Simple State machine 'library'. Only single class is all what you might need for state machine definition.
State machine well explained here: https://en.wikipedia.org/wiki/UML_state_machine
Idea of this implementation is to have 'pure state machine'. It is best used over some 'immutable' state object that can be copy/mutated with provided handlers.

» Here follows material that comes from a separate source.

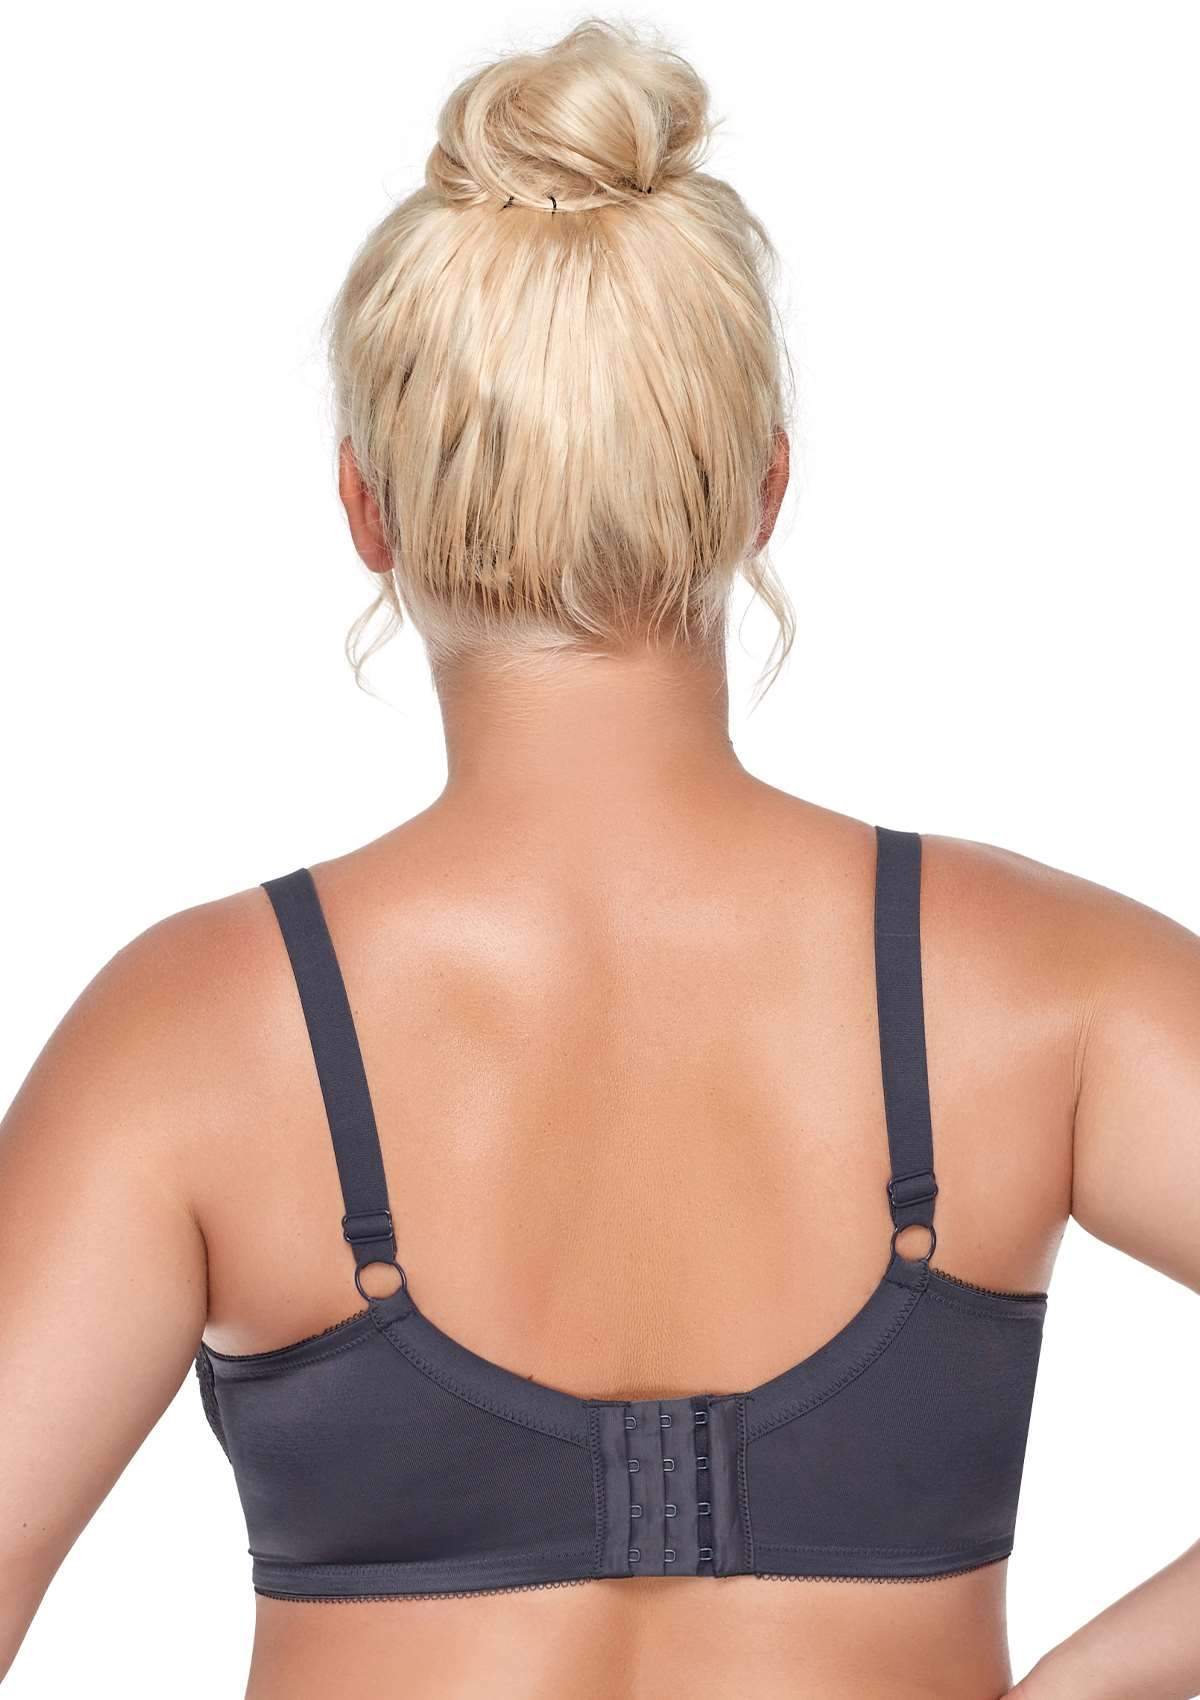 HSIA Enchante Matching Bra And Underwear Sets: Uplift Big Boobs Bra - Dark Gray / 36 / C

s2 = machine.newState(s1, action)
Feature provided by yasm:
- Support for 'pure state machine' implementations
- Actions and States (*)
- Enter/Exit transformers
- Declarative transition definitions
- Transition guards
- Stateless and threadsafe (**)
- Support for ANY actions (***)
(*) machine uses Action instead of Event as it overloaded term
(**) _as long as transition functions are thread safe as well
(***) useful to implement timeouts https://github.com/octo47/yasm/blob/master/README.md#any-state
Features not in (yet):
- Verification
To give you some example of how it can be used here a simple class:
class Phone {
enum State {
Ringing, Connected, OffHook
}
static class CallDialed implements StateMachine.Action {
private final String number;
}
private final State state;
@Nullable
private final String callingNumber;
... rest of the class
}
Class is going to be immutable (protobuf generated classes or any IDE plugin for 'immutable objects' or Lombok can be used). Class can have builders or copying methods
Phone withLeftMessage(String leftMessage) {
return of(getState(), getCallingNumber(), leftMessage, getStarted(), getAccumulated());
}
State machine example can be found at: https://github.com/octo47/yasm/blob/master/src/test/java/com/github/octo47/yasm/PhoneCallStateMachine.java
To define machine builder-style calls can be used during StateMachine construction:
public PhoneCallStateMachine() {
fromState(Phone.State.OffHook)
.onEntry(phone -> phone.withCallingNumber(null).accountAccumulated(clock.instant()))
.permit(Phone.CallDialed.class, Phone.State.Ringing, (a, phone) -> phone.withCallingNumber(a.getNumber()));
...
Code defines 'onEntry' method that effectively erase phone state to not repeat this each time machine transitioning to OffHook state
As well defines one transition OffHook -> Ringing triggered by any instance of Phone.CallDialed.class
Last lambda is 'transformer' method that should (by design, but not strictly required) provide new state object.
(a, phone) -> phone.withCallingNumber(a.getNumber())
a in our case will be an instance of Phone.CallDialed.class and it does have number we are calling
static class CallDialed implements StateMachine.Action {
private final String number;
}
Resulting sequence of how this machine can be used illustrated by this test code https://github.com/octo47/yasm/blob/master/src/test/java/com/github/octo47/yasm/StateMachineTest.java#L12
final Phone calling = stateMachine.transition(initialPhone, new Phone.CallDialed(number)).orElseThrow(AssertionError::new);
final Phone connected = stateMachine.transition(calling, new Phone.CallConnected()).orElseThrow(AssertionError::new);
final Phone withMessage = stateMachine.transition(connected, new Phone.LeftMessage(message)).orElseThrow(AssertionError::new);
final Phone hangUp = stateMachine.transition(connected, new Phone.HungUp()).orElseThrow(AssertionError::new);
(Optional used to express no state to transition was found)
ANY state can be used to define timeouts.
Consider following example:
fromState(Phone.State.Connected)
...
.permitIf(AnyAction.class, Phone.State.OffHook, isCallTooLong(clock, maxCall))
...
For state Connected transition defined as 'Connected -> (ANY) OffHook: if(isCallTooLong)'
During transition analysis for any action this transition will happen if isCallTooLong() happen to return true. To make a bit easier to handle this use case machine provides loop() method that will trigger any 'ANY' transitions if appropriate guard will trigger.